CLMay 29

SCOPE: Self-Play via Co-Evolving Policies for Open-Ended Tasks

arXiv:2605.3143396.5
AI Analysis

This work addresses the problem of training language models on open-ended tasks without external supervision, which is a significant challenge for researchers and practitioners in natural language processing.

This paper introduces SCOPE, a data-free self-play framework for training language models on open-ended tasks by co-evolving a task-generating Challenger and a task-answering Solver. SCOPE improves open-ended performance by up to +10.4 points across eight benchmarks and also boosts held-out short-form QA by up to +13.8 points on seven benchmarks, outperforming GRPO_data which uses ~9K curated prompts.

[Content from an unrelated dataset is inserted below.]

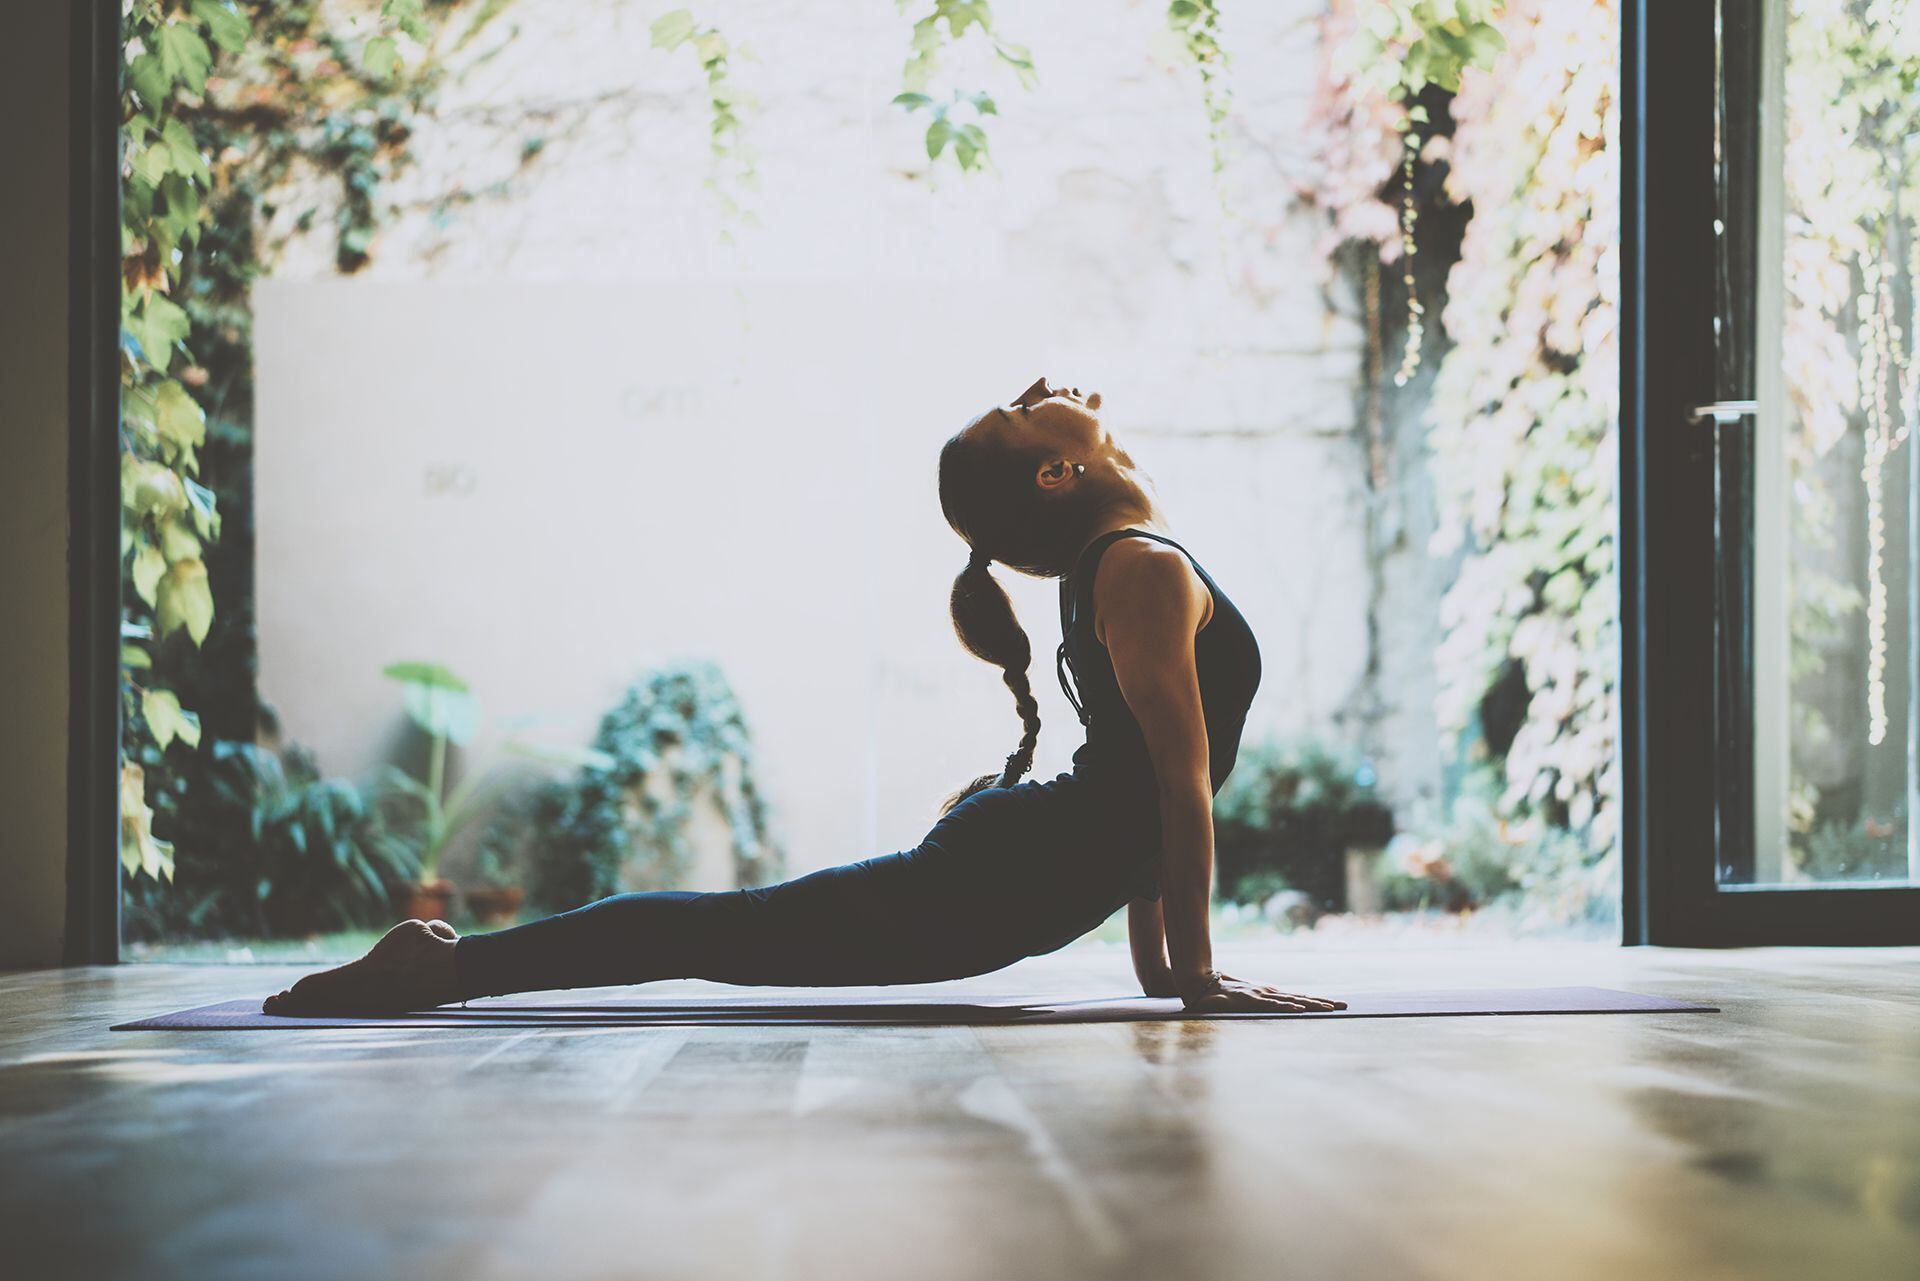 El yoga utiliza diferentes ejercicios conocidos como posturas o "asanas" para fortalecer la mente y el cuerpo con ayuda de la respiración
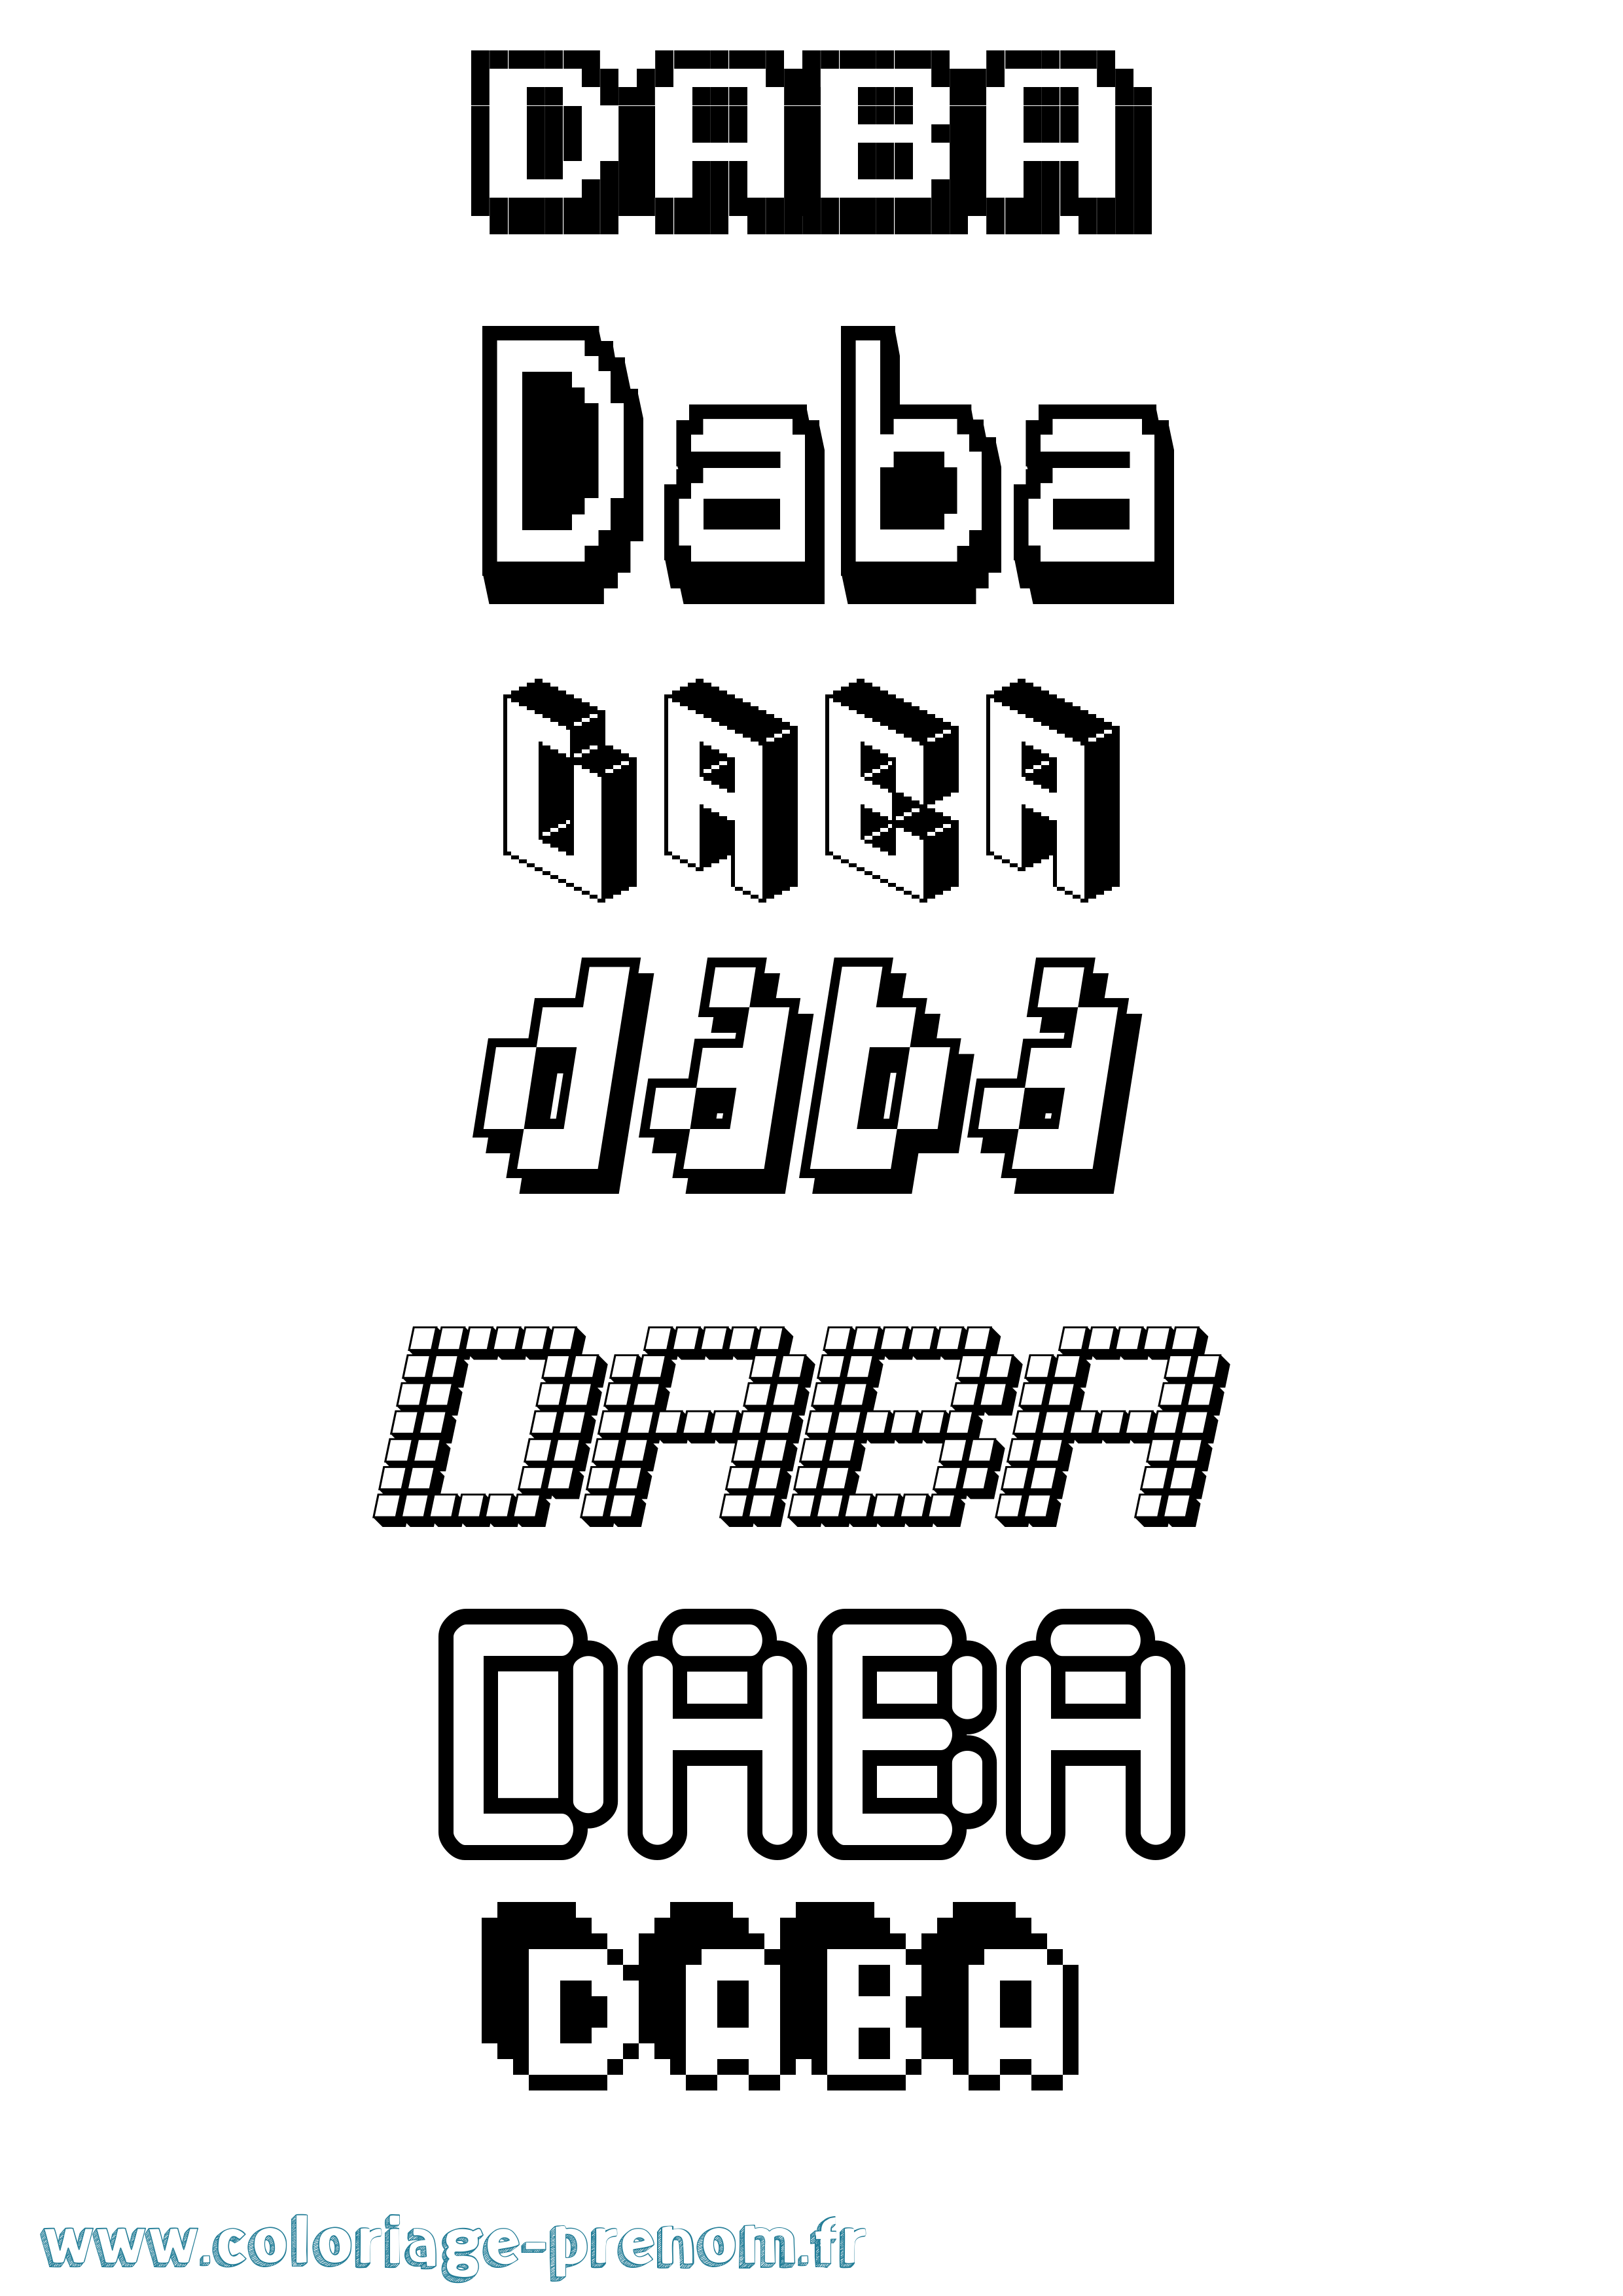 Coloriage prénom Daba Pixel

Self-play can train language models without external supervision. However, existing methods require rule-checkable answers, leaving open-ended tasks dependent on curated prompts or frontier-model judges. We introduce SCOPE, a data-free self-play framework for open-ended tasks that co-evolves two policies: a Challenger that generates document-grounded tasks, and a Solver that answers them through multi-turn retrieval. A frozen copy of the initial model serves as the self-judge, which writes task-specific rubrics from the source document and grades Solver responses against them. Across three 7-8B instruction-tuned models (Qwen2.5, Qwen3, OLMo-3), SCOPE improves open-ended performance by up to +10.4 points on eight benchmarks and matches or exceeds GRPO_data trained on ~9K curated prompts. Although trained only on open-ended tasks, SCOPE also improves held-out short-form QA by up to +13.8 points on seven held-out benchmarks, surpassing GRPO_data on all three models. Ablations show that co-evolving the Challenger is necessary to keep tasks near the Solver's frontier, that gains arise from improvements in both retrieval and synthesis with the relative contribution varying by task, and that rubric generation quality is the bottleneck for self-judging.